Some threat actors will use their initial access to find tools they can use to their advantage. James and Adam discussed the recent trend of adversaries using the capabilities of Azure to execute commands on systems hosted in Azure. Last summer, eCrime threat actor SCATTERED SPIDER used this method to push publicly available remote access tools to every host in the environment they could access. Their persistence in the cloud allowed them to lurk on systems across the environment. An attack like this is tough to detect. It takes expertise in cloud, adversaries and intelligence to understand an adversary may do something like this.

Log Management: Critical to Cloud Security

As organizations interconnect different clouds, Adam predicts they’ll run into the problem of adversaries moving from one cloud to another to better conceal their activity, and reemerge in different ways to catch their victims off-guard. “That’s going to be an interesting dynamic, if they start to do that,” he said.

This use of multiple clouds also leads to the challenge of managing logs, James added.

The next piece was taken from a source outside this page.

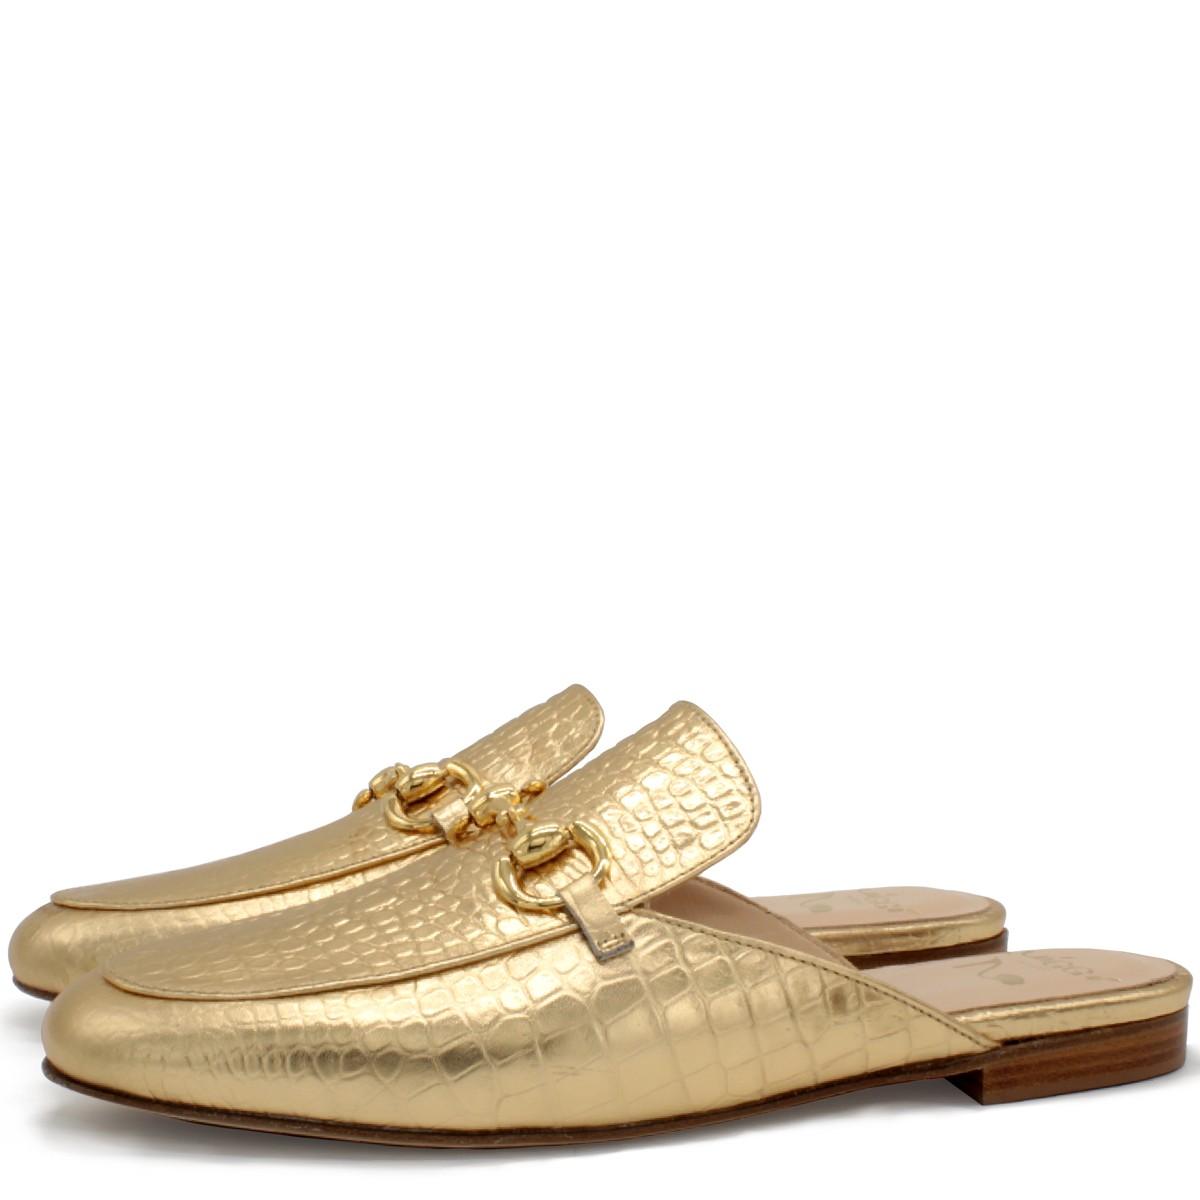 GOLD FLAT MULES

You’ll have different logs coming from different clouds, in addition to on-premises logs. If you’re operating in multiple environments giving different signals, you need the right way to correlate that information and respond to it.

“I think that’s going to be one of the big challenges you see in the future,” he said. “Customers had all the right data but they didn’t have it in the right place; they didn’t have the ability to search it all quickly and see there was an issue.”

Adam advises organizations to diversify the applications and tools they use to protect their workloads running in multiple clouds. “One of the things I always tell organizations is, don’t put all your eggs in one basket,” he said. If all of your eggs are in one basket and an attacker gets into that basket, they could simply turn protections off. Make sure you have a third party for that essential cloud workload protection — for endpoint protection.

If you’re using one vendor for your productivity suite, you shouldn’t also use it for enterprise security — instead, rely on a third party with expertise in that area. “You get some diversity that way and you’re not beholden to one flaw that could ruin the whole thing,” Adam said.

Secure the Cloud: Three Best Practices

Three pieces of advice James has for organizations eager to strengthen their cloud security are:

  • It all starts with hygiene: The cloud is secure — until you go in and start making configuration changes. Many admins don’t have the same in-depth knowledge of the cloud that they have for on-premises infrastructure. Ask yourself: Is your cloud clean? Are any common misconfigurations putting your organization at risk? Are resources exposed to the cloud that shouldn’t be? Basic hygiene is essential to stopping cloud-conscious adversaries.
  • Identity must be a priority: Make sure you understand your identities — your on-premises identities tied to Active Directory, your cloud identities, your cloud-only accounts. Understand how those are configured, who has access to what, and whether MFA is enabled. Review conditional access policies: Who can access your cloud? From where? What identity policies are enforced on that access?
  • Implement cloud-to-endpoint protection: Organizations need active protection on cloud and endpoint. Today’s adversaries will find that path of least resistance, whether that means logging into a cloud environment or pivoting from endpoint to cloud. Ensure they can be stopped before they cause a big problem.

You don’t have a cloud problem — you have an adversary problem, and the key for defenders is to make attacks more difficult and expensive for them. The more barriers you have in place, the harder you can make it for adversaries to achieve their goals. When they slip up, you’ll be able to quickly take notice and respond.